Materials (180 minutes)

Part I (15 minutes): Introduction to grounding. [Slides] [Video]

Presenter: Freda Shi

We will review the history of grounding, and introduce the unified definition of grounding. In particular, grounding, in this tutorial, refers to processing the primary data with supervision from another source, where the two sources of data have positive mutual information. We will exemplify the definition through connection to existing work such as visual grounding, acoustic grounding, factual grounding, and cross-lingual grounding.

We refer to NAACL 2024 Tutorial 6 on spatial and temporal grounding, ACL 2020 Tutorial 5 on building common ground through communication, and AAAI 2013 Keynote for early work on grounded language learning.

Part II (25 minutes): Learning lexicons through grounding. [Slides] [Video]

Presenter: Martin Ziqiao Ma

Word acquisition is a core challenge in both cognitive science and robotics. Recent advances in neural networks and multimodal machine learning have enabled efforts to ground the meanings of written and spoken words in visual signals. In this talk, we will explore research on grounding noun and verb meanings through changes in the physical world. We will also briefly discuss extensions of lexicon grounding beyond the visual modality, as well as approaches to bootstrapping grounded word acquisition through meta-learning.

In the first 10 minutes, we will introduce the background and focus on recent advances in the remaining time. Work on vision-language models, learning lexical semantics through interaction or learning lexicon to compose sentence-level meanings will be deferred to Part IV.

Part III (25 minutes): Learning syntax through grounding. [Slides] [Video]

Presenter: Freda Shi

Constituency parses of sentences can be learned by grounding to visual signals. Follow-up work has demonstrated the effectiveness of such visually grounded systems on learning variants of constituency and dependency grammars.

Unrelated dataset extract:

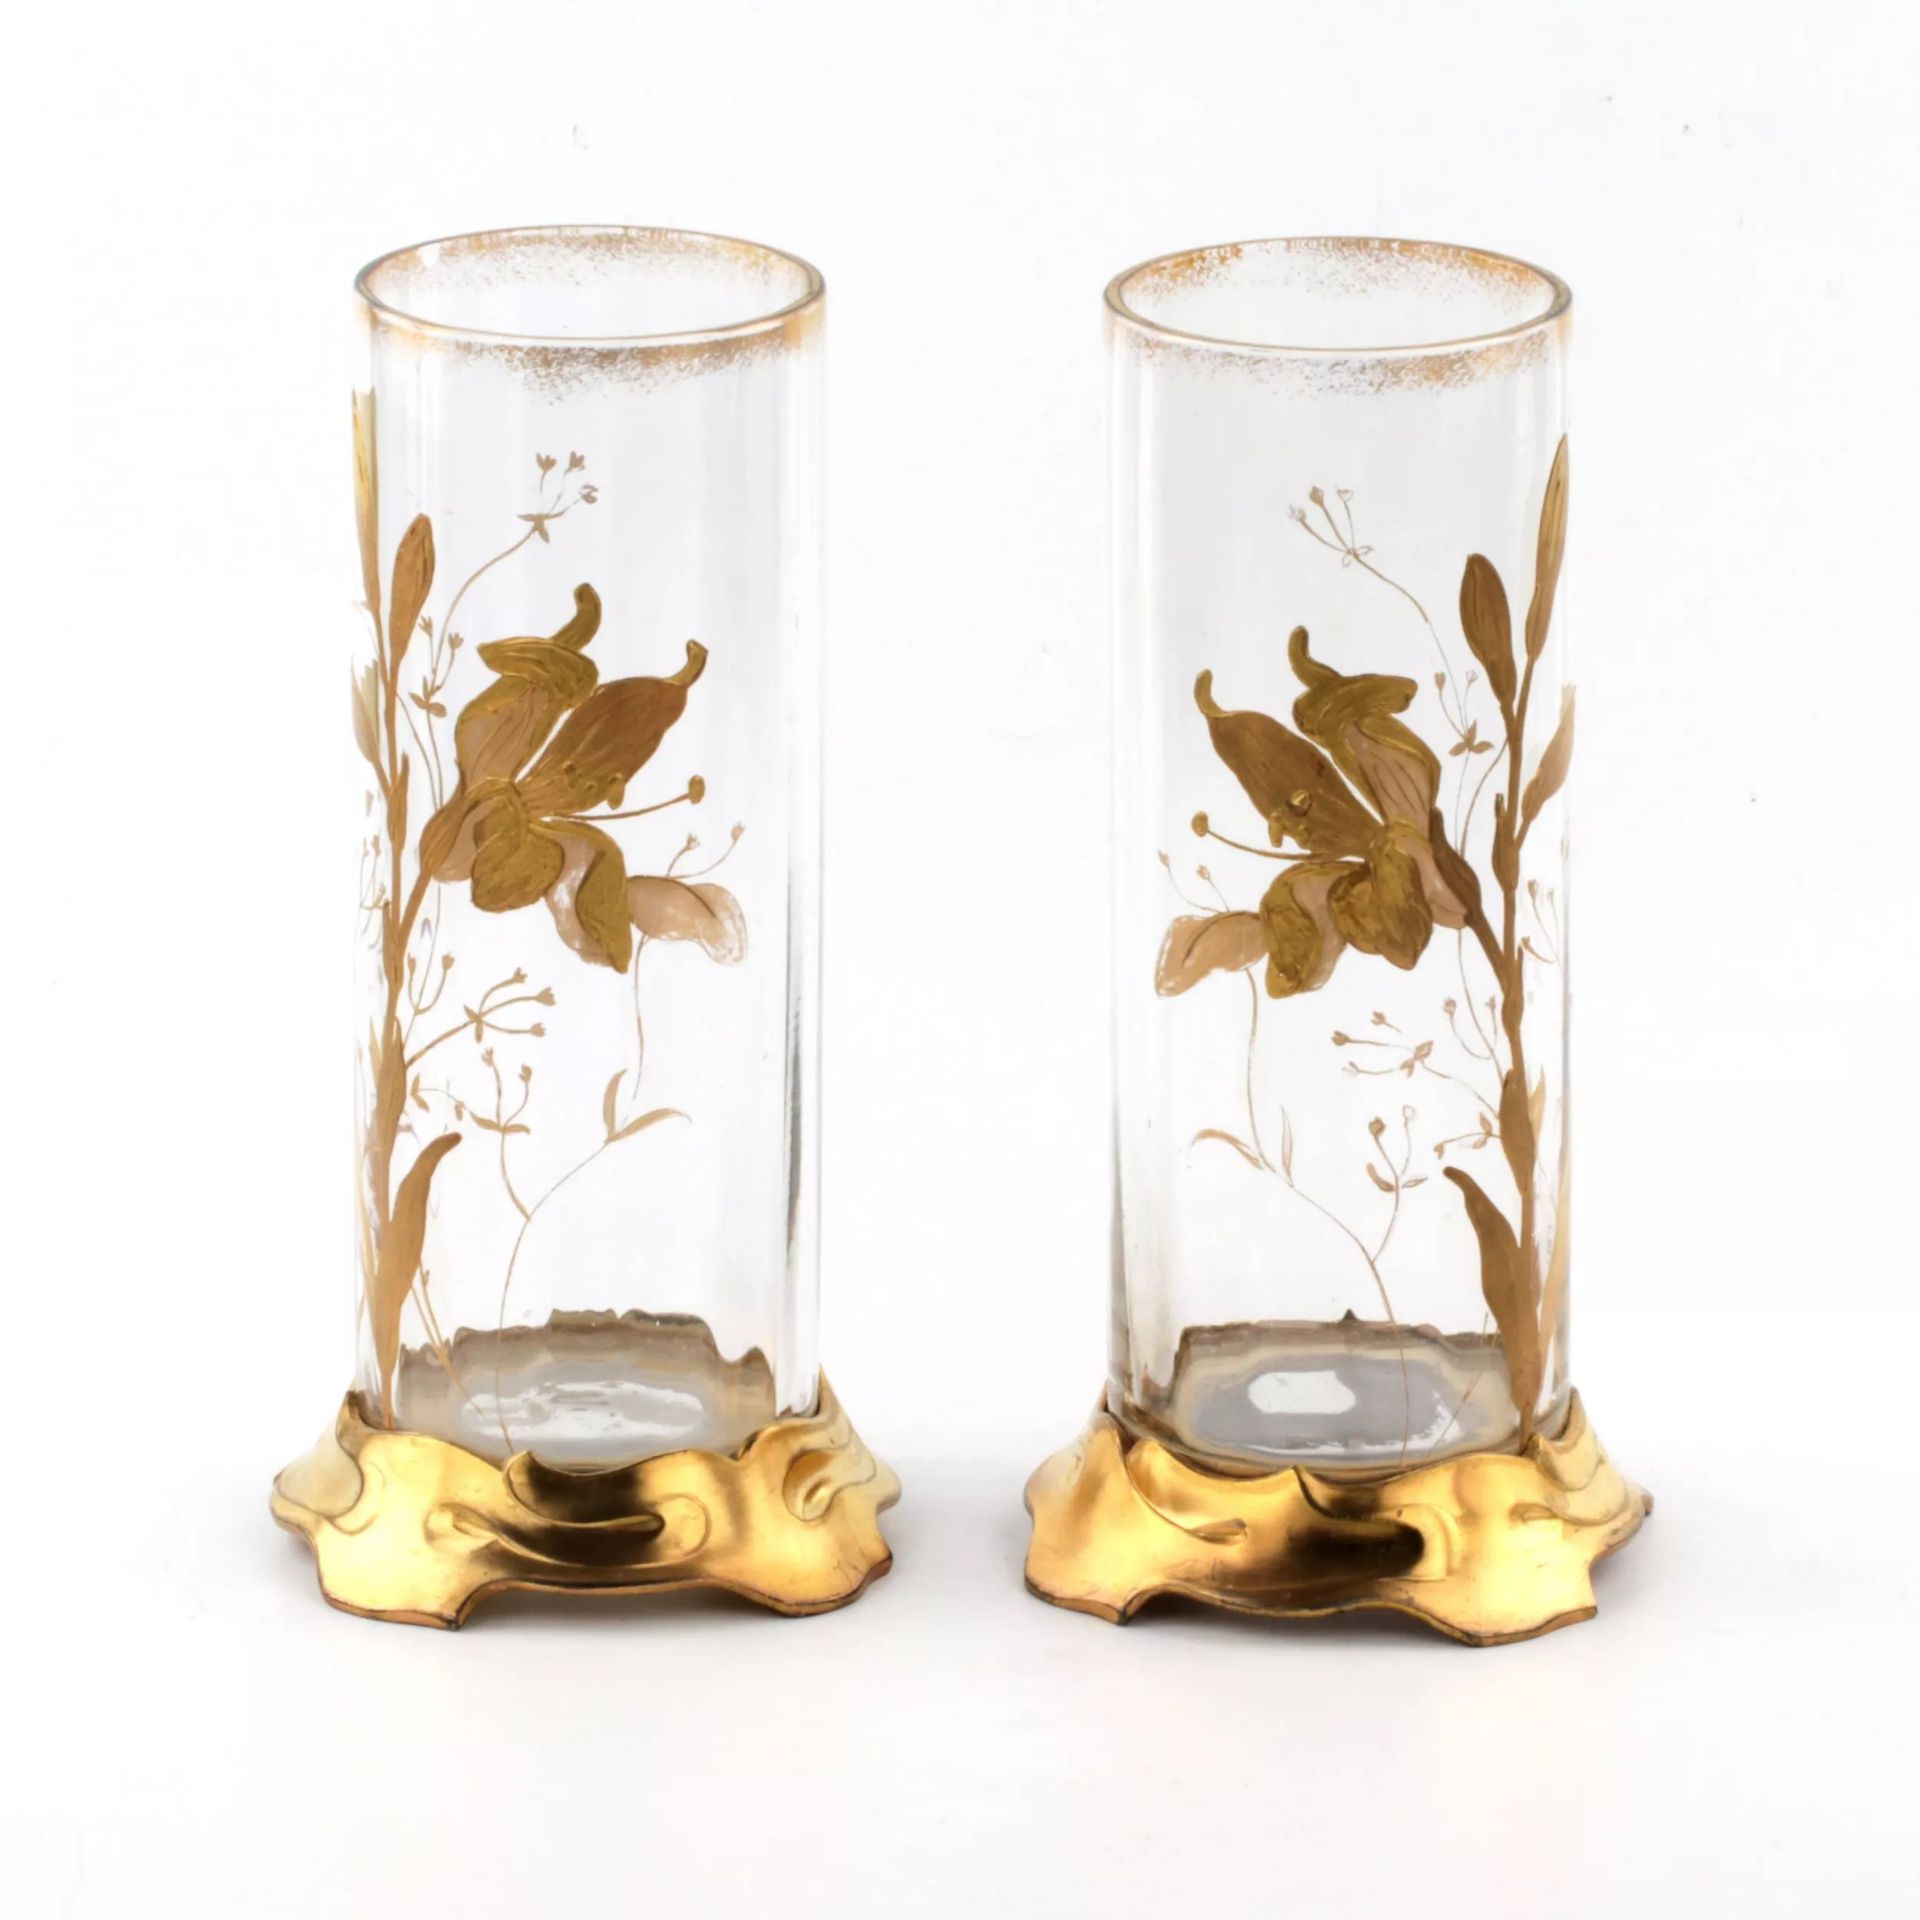 Pair of Art Nouveau vases - Image 2 of 5
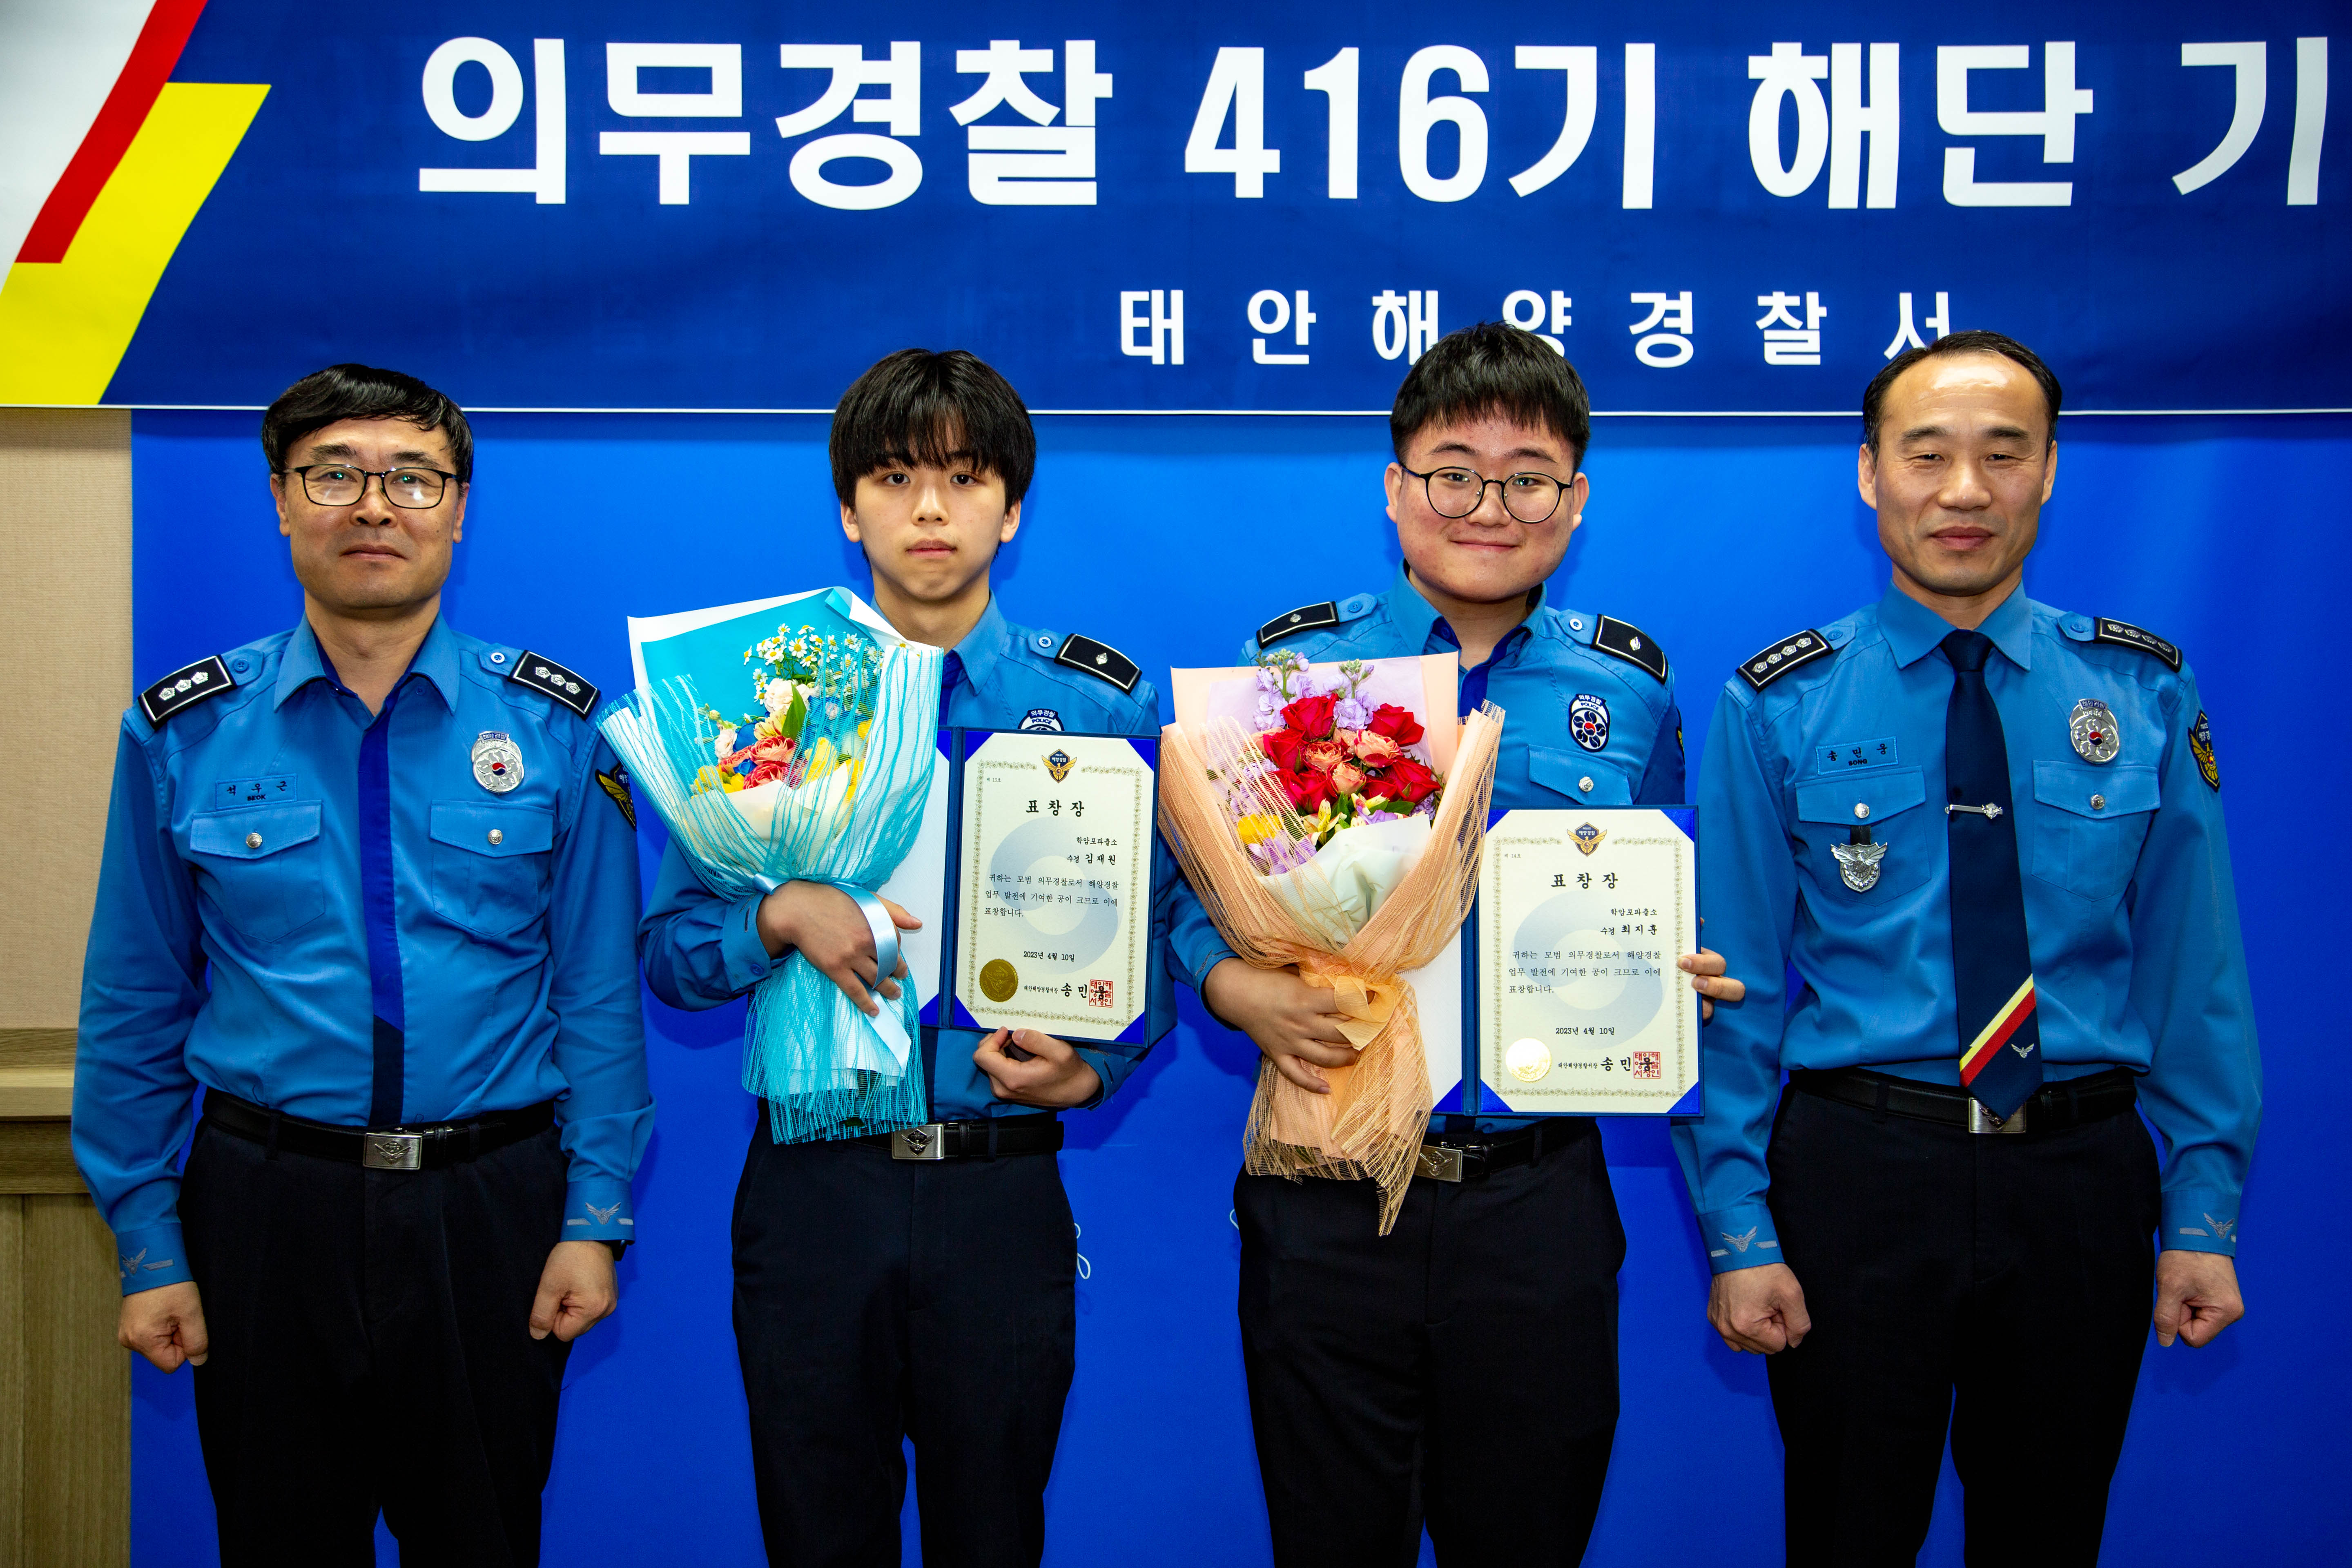 충남 태안해양경찰서는 10일 해양경찰 의무경찰 마지막 기수인 제416기 해단 기념식을 개최했다. 태안해경 제공

On another line, word alignment, based cross-lingual transfer can also be considered as an instantiation of learning syntax through cross-lingual grounding, where the text in the target language(s) is grounded to existing knowledge in the source language(s).

A brief introduction of related syntactic knowledge, such as constituency, dependency, and combinatory categorial grammars, will be presented in the first 10 minutes of this part to help the audience better understand the content. We will focus on recent approaches to learning syntax through visual grounding and cross-lingual grounding in the rest of the time. Efforts on joint learning of syntax and semantics will be delivered in Part IV.

Part IV (100 minutes): Learning complex meanings (semantics and pragmatics) through grounding.

Part IV-1 (25 minutes): Learning concepts through grounding. [Slides] [Video]

Presenter: Jiayuan Mao

Grounded lexicon learning and grounded syntax learning come together to enable the formation of complex, compositional grounded concepts. Lexicon learning maps individual words to grounded perceptual or executable representations, while syntax learning governs how these word-level representations are composed into structured meanings. By integrating both, models can not only learn visual or perceptual concepts from language but also generalize to novel compositions, facilitating systematic and interpretable understanding of grounded semantics across diverse domains.

Part IV-2 (25 minutes): Grounding language to world representations: The case of space. [Slides] [Video]

Presenter: Parisa Kordjamshidi

We cover how spatial semantics are represented, the available datasets and annotations, and the connection between information extraction models, qualitative spatial reasoning, and end-to-end deep learning approaches. We review recent large language models for spatial language comprehension, their evaluation, and the key limitations and challenges in this area. We clarify the role of spatial language in downstream applications, highlighting tasks such as grounding language in the visual world for navigation, wayfinding agents, human-machine interaction, and situated dialogue systems.

Part IV-3 (25 minutes): Scaling vision-language models with grounding. [Slides] [Video]

Presenter: Martin Ziqiao Ma

While modern vision-language models (VLMs) have made remarkable progress, achieving fine-grained grounding of linguistic units to perceptual referents remains an open challenge. We will review recent advances in mechanistically grounded VLMs, spanning both encoder-based and generative ones. We highlight how these models offer more detailed perceptual understanding and greater interpretability, providing new insights into the mechanisms underlying grounded language acquisition.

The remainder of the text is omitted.